The number of registrations could be interpreted as the initial interest that the community has for the evaluation. However, it is a bit misleading because several persons from the same institution might register, even though in the end they count as a single group participation. The EUA explicitly requires all groups that get access to the data to participate, even though this is not enforced. Unfortunately, the percentage of groups that submit results is often limited. Nevertheless, as observed in studies of scholarly impact [36, 37], in subsequent years the datasets and challenges provided by ImageCLEF often get used, in part due to the researchers that for some reason (e.g. alack of time, or other priorities) were unable to participate in the original event or did not complete the tasks by the deadlines.
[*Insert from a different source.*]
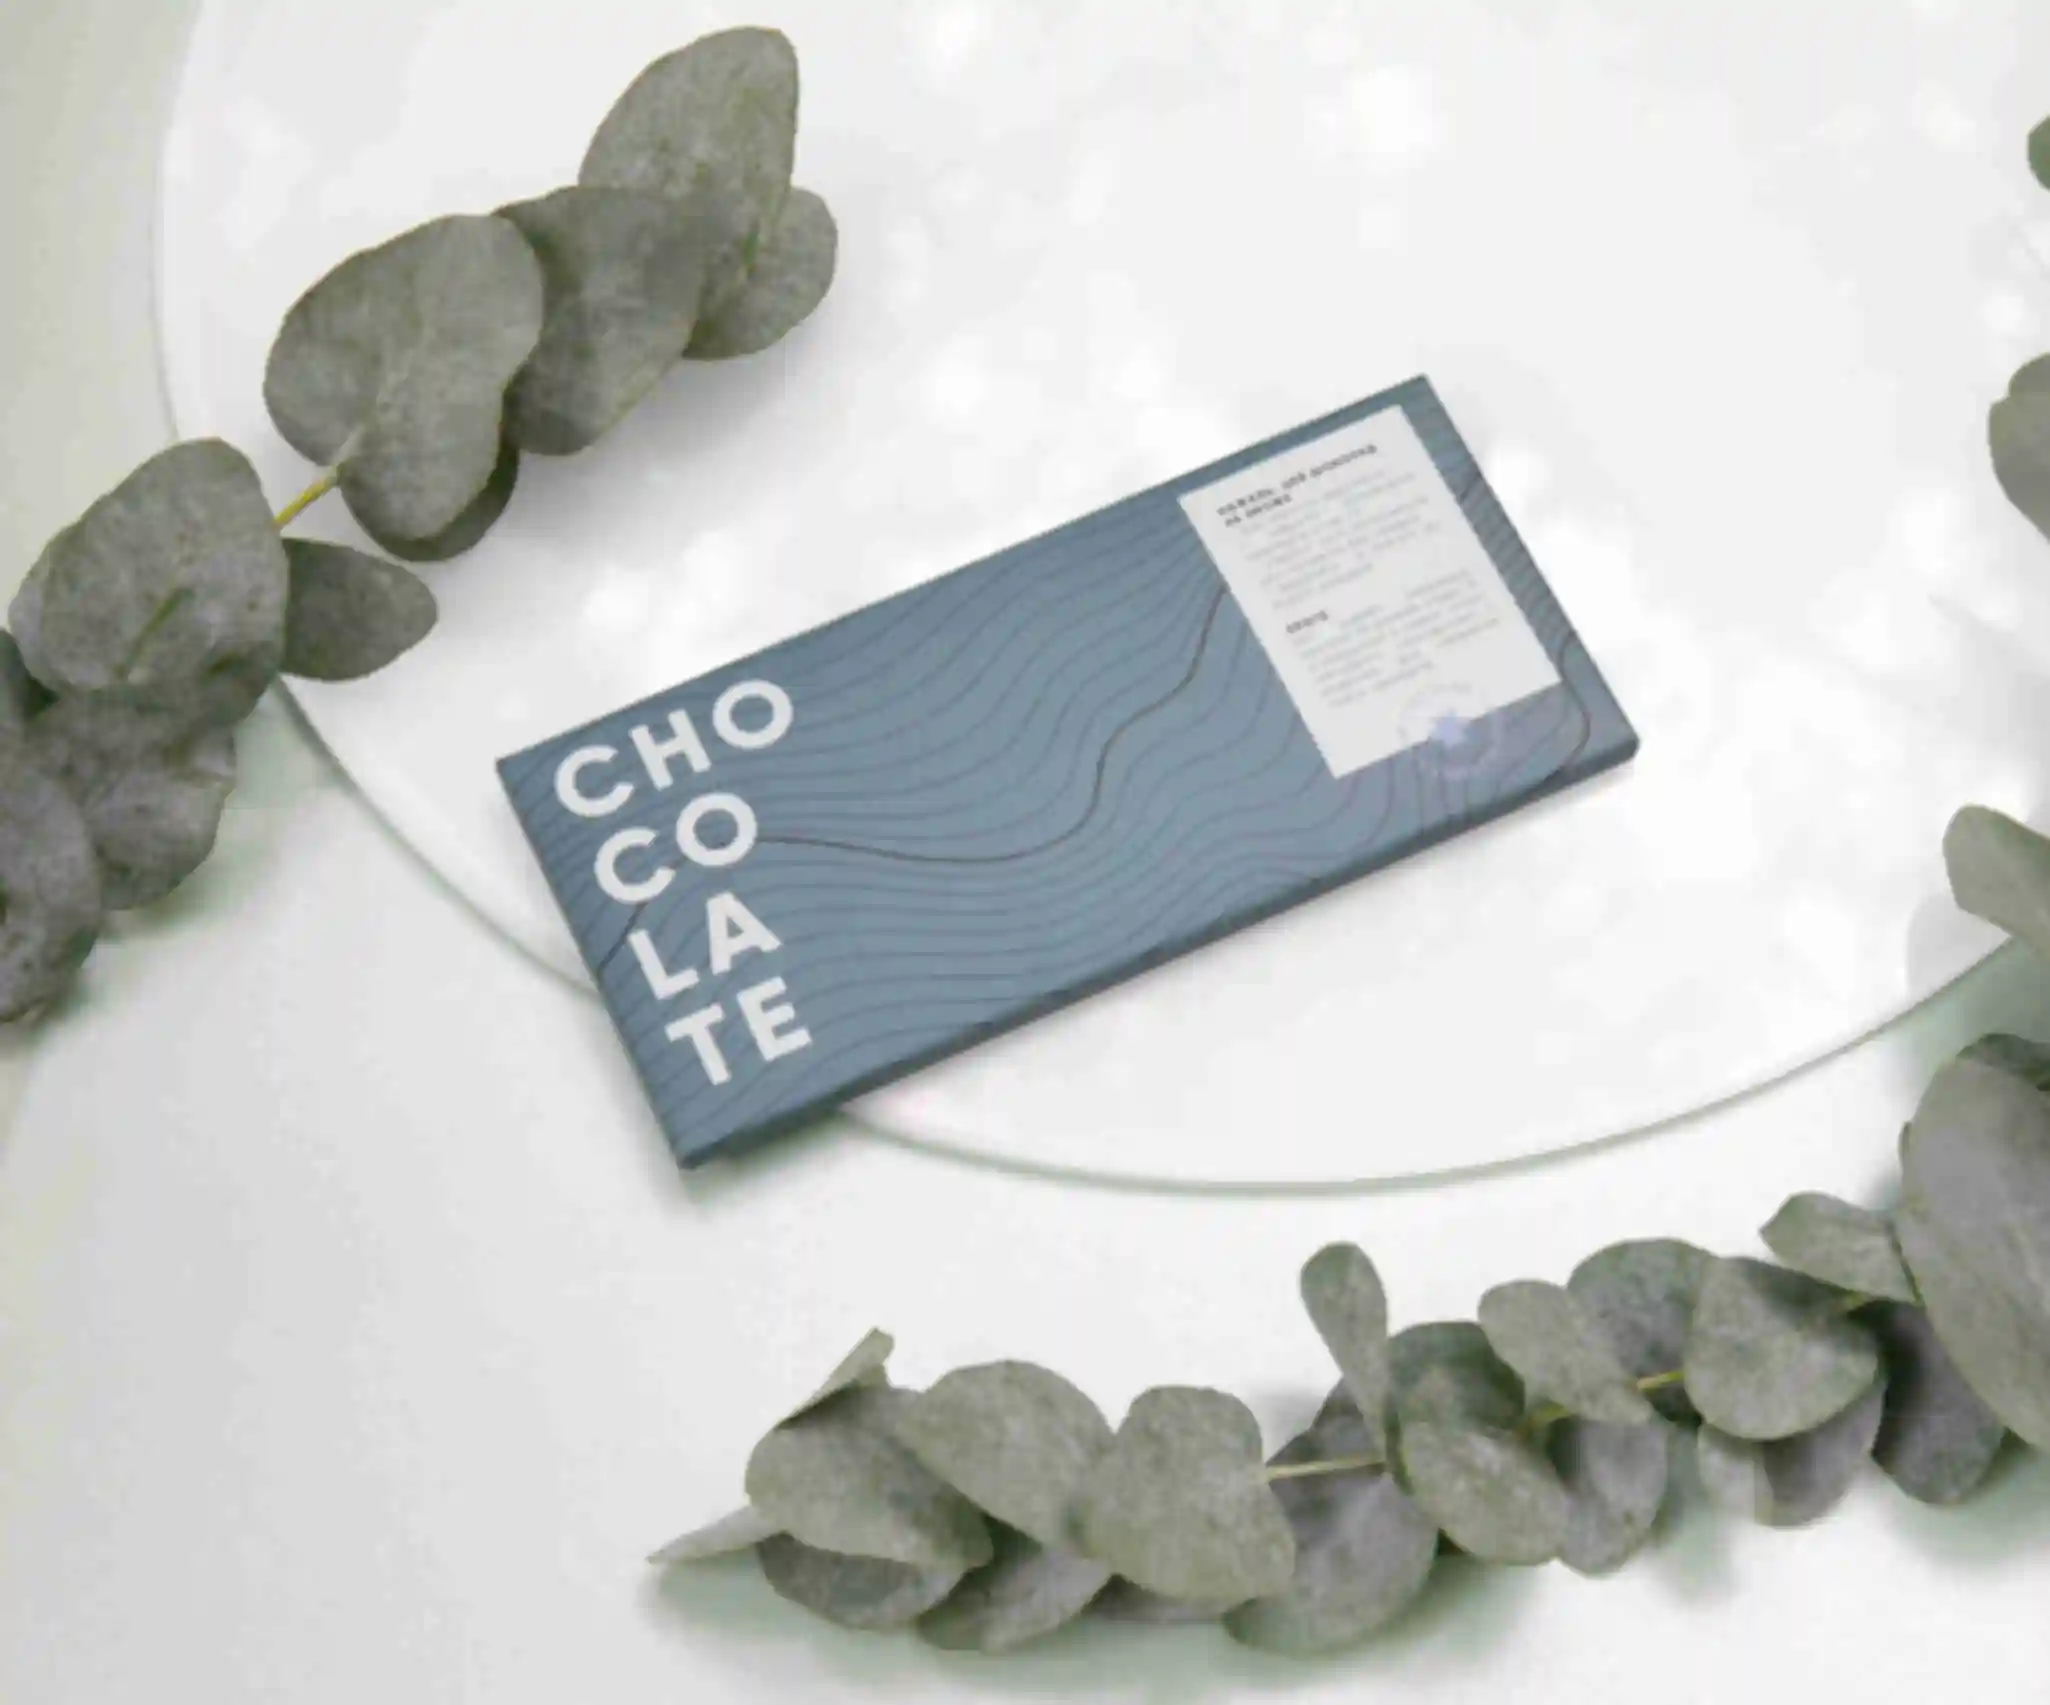 Черный шоколад с солёной карамелью • Подарок для дизайнера, художника, иллюстратора • Премиум-шоколад  для креативных сладкоежек. Фото №69

After a decrease in participation in 2016, the participation again increased in 2017 and for 2018 it increased further. The number of signed EUAs is considerably higher, mostly due to the fact that this time each task had an independent EUA. Also, due to the change to crowdAI, the online registration became easier and attracted other research groups than usual, which made the registration-to-participation ratio lower than in previous years. Nevertheless, in the end, 31 groups participated and 28 working notes papers were submitted, which is a slight increase with respect to 2017. The following four sections are dedicated to each of the tasks. Only a short overview is reported, including general objectives, description of the tasks and datasets and a short summary of the results.
3 The Caption Task
This task studies algorithmic approaches to medical image understanding. As a testbed for doing so, teams were tasked with automatically “guessing” fitting keywords or free-text captions that best describe an image from a collection of images published in the biomedical literature.
3.1 Task Setup
Following the structure of the 2017 edition, two sub tasks were proposed. The first task, concept detection, aims to extract the main biomedical concepts represented in an image based only on its visual content. These concepts are UMLS (Unified Medical Language System®) Concept Unique Identifiers (CUIs). The second task, caption prediction, aims to compose coherent free-text captions describing the image based only on the visual information. Participants were, of course, allowed to use the UMLS CUIs extracted in the first task to compose captions from individual concepts. Figure 1 shows an example of the information available in the training set. An image is accompanied by a set of UMLS CUIs and a free-text caption. Compared to 2017 the data sets was modified strongly to respond to some of the difficulties with the task in the past [13].
3.2 Dataset
The dataset used in this task is derived from figures and their corresponding captions extracted from biomedical articles on PubMed Central® (PMC)Footnote 4. This data set was changed strongly compared to the same task run in 2017 to reduce the diversity on the data and limit the number of compound figures. A subset of clinical figures was automatically obtained from the overall set of 5.8 million PMC figures using a deep multimodal fusion of Convolutional Neural Networks (CNN), described in [2]. In total, the dataset is comprised of 232,305 image–caption pairs split into disjoint training (222,305 pairs) and test (10,000 pairs) sets. For the Concept Detection subtask, concepts present in the caption text were extracted using the QuickUMLS library [30]. After having observed a strong breadth of concepts and image types in the 2017 edition of the task, this year’s continuation focused on radiology artifacts, introducing a greater topical focus to the collection.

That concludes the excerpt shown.